Oxidative stress refers to the imbalance of oxidants and antioxidants in the body, which leads to the infiltration of inflammatory cells, promoting the production and accumulation of reactive oxygen species (ROS) in cells and finally leading to the oxidative stress response[6]. When SAP occurs, inflammatory cells infiltrate the intestines and induce oxidative stress[7]. Oxidative stress further increases the infiltration of inflammatory cells in the intestine, aggravates the injury of intestinal cells, destroys the barrier function of the intestines and promotes the entry of intestinal bacteria into the blood[8-10].

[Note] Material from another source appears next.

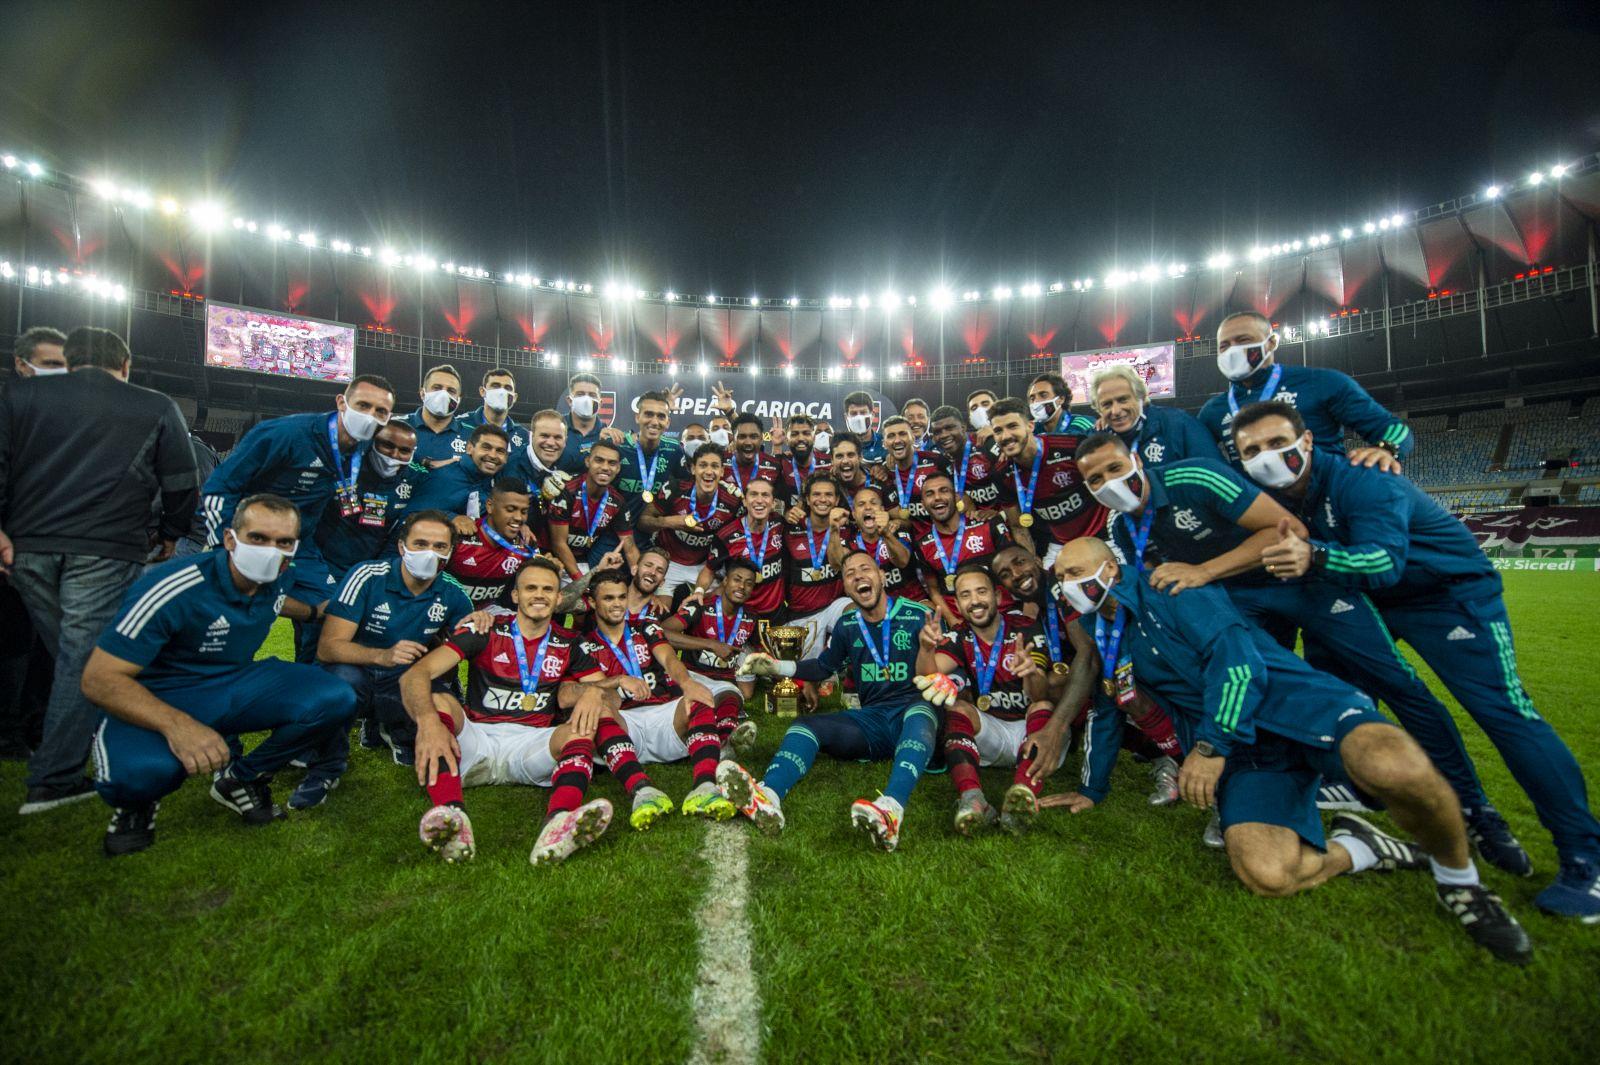 O Flamengo é o atual campeão e o time que detém mais títulos do Campeonato Carioca (Reprodução: Marcelo Cortes)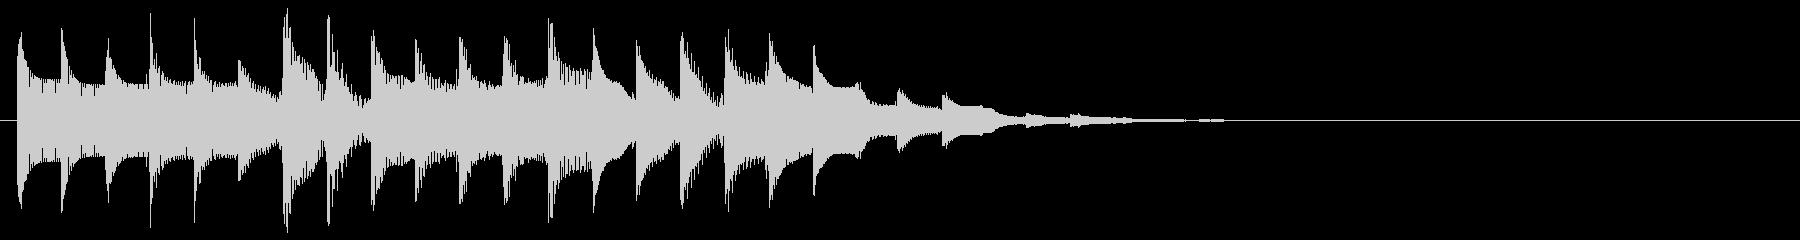 ズクジャンジャン… 低(トピック、題目)の未再生の波形

Endoplasmic reticulum (ER) stress is another factor of intestinal injury in AP. ER stress can activate a large number of apoptosis-related proteins and induce apoptosis[11]. ER stress is often accompanied by oxidative stress (mutually reinforcing), which in coordination with oxidative stress promotes the infiltration and displacement of inflammatory cells, accelerates the apoptosis of intestinal cells and aggravates the intestinal injury in AP. Therefore, reducing oxidative stress and ER stress in the intestine has become an important approach to alleviate AP.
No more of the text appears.